Comments (18)
and in Source.java srcData.get(Name) seems to be a Long, so
protected int getSrcDataInt(String name) {
if (srcData.containsKey(name)) return ((Integer)srcData.get(name)).intValue();
String value = getSrcDataString(name); //.replace(".0", "");
return Integer.parseInt(value);
}
must be
protected int getSrcDataInt(String name) {
if (srcData.containsKey(name)) return ((Long)srcData.get(name)).intValue();
String value = getSrcDataString(name); //.replace(".0", "");
return Integer.parseInt(value);
}
from crawl-anywhere.
What is the issue with the Long to Integer cast ?

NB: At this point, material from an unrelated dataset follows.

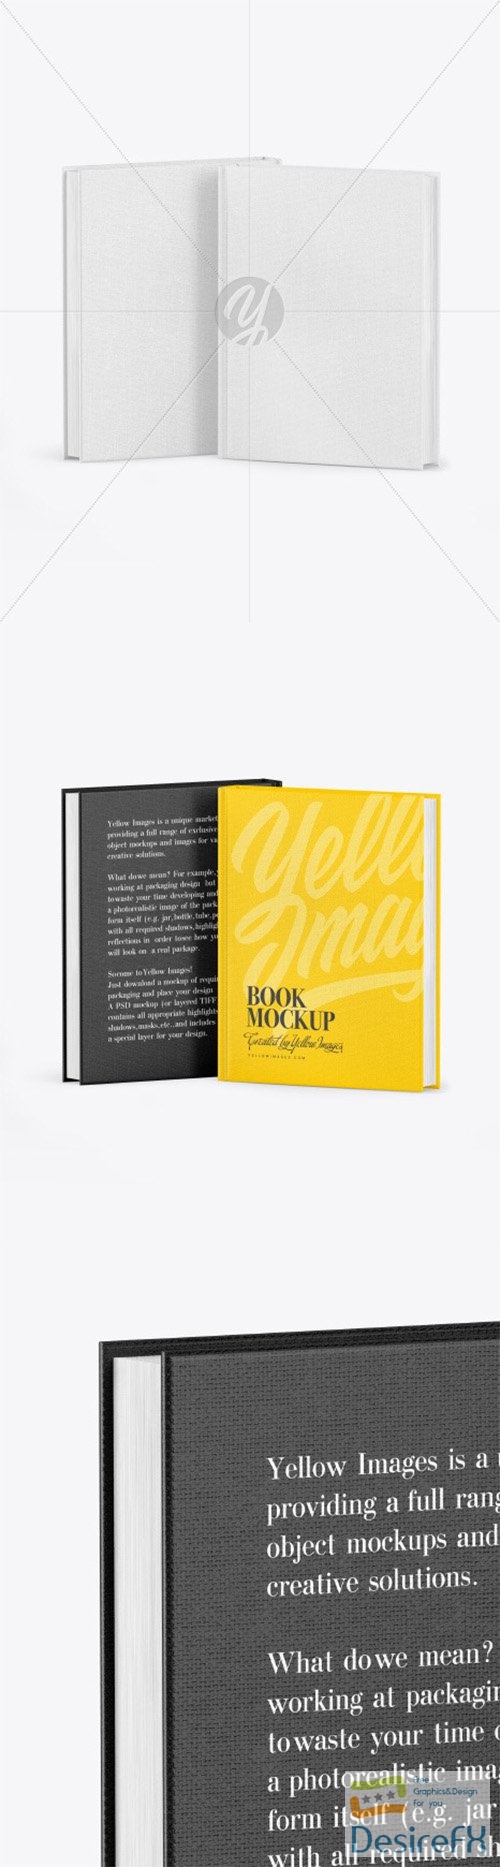 Two Hardcover Books w/ Fabric Covers Mockup 80361 TIF
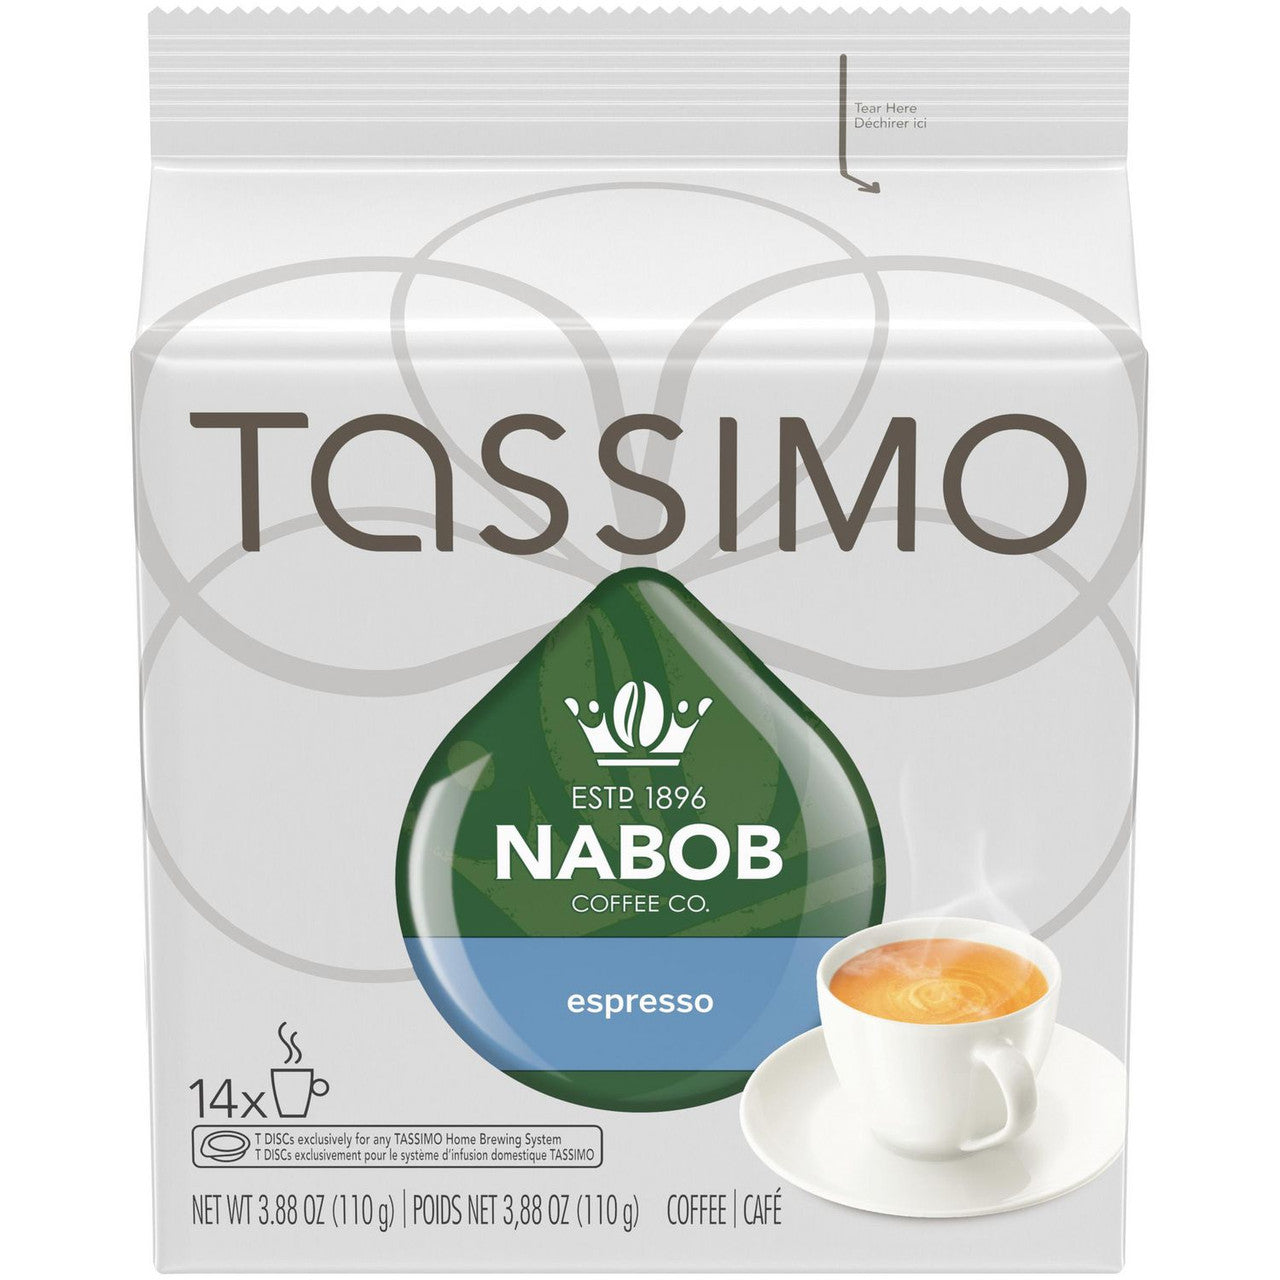 Tassimo Nabob Coffee Espresso, 70 T-Discs (5 Boxes of 14 T-Discs) {Imported from Canada}

Is there an issue with one of the source setting parameter ? I don't think so !
from crawl-anywhere.
at least one source parameter is a Long, so cast to Integer fails, maybe only in our environment
from crawl-anywhere.
Can you provide the xml export of your source setting (export function) ?
from crawl-anywhere.
this issue got the label "bug", do you still need xml export of the source to investigate Long/Inter cast of Source.java?
from crawl-anywhere.
Yes please.
from crawl-anywhere.
(See attached file: 525288c536c04.xml)
from crawl-anywhere.
Please send the file to [email protected]
from crawl-anywhere.
Hi,
I don't reproduce these issues even with your export. Can you provide the exact scenario in order to each of these 2 issue ? Which source parameter is a long ?
Which version of mongodb are you using ? Is it a 64 bits version ?
Regards.
from crawl-anywhere.
$ mongod --version
db version v2.2.3, pdfile version 4.5
Fri Oct 18 11:38:20 git version: nogitversion
64 bit
from crawl-anywhere.
Fri Oct 18 13:29:11 CEST 2013 - =================================
Fri Oct 18 13:29:11 CEST 2013 - Crawler starting (version: 4.0.0)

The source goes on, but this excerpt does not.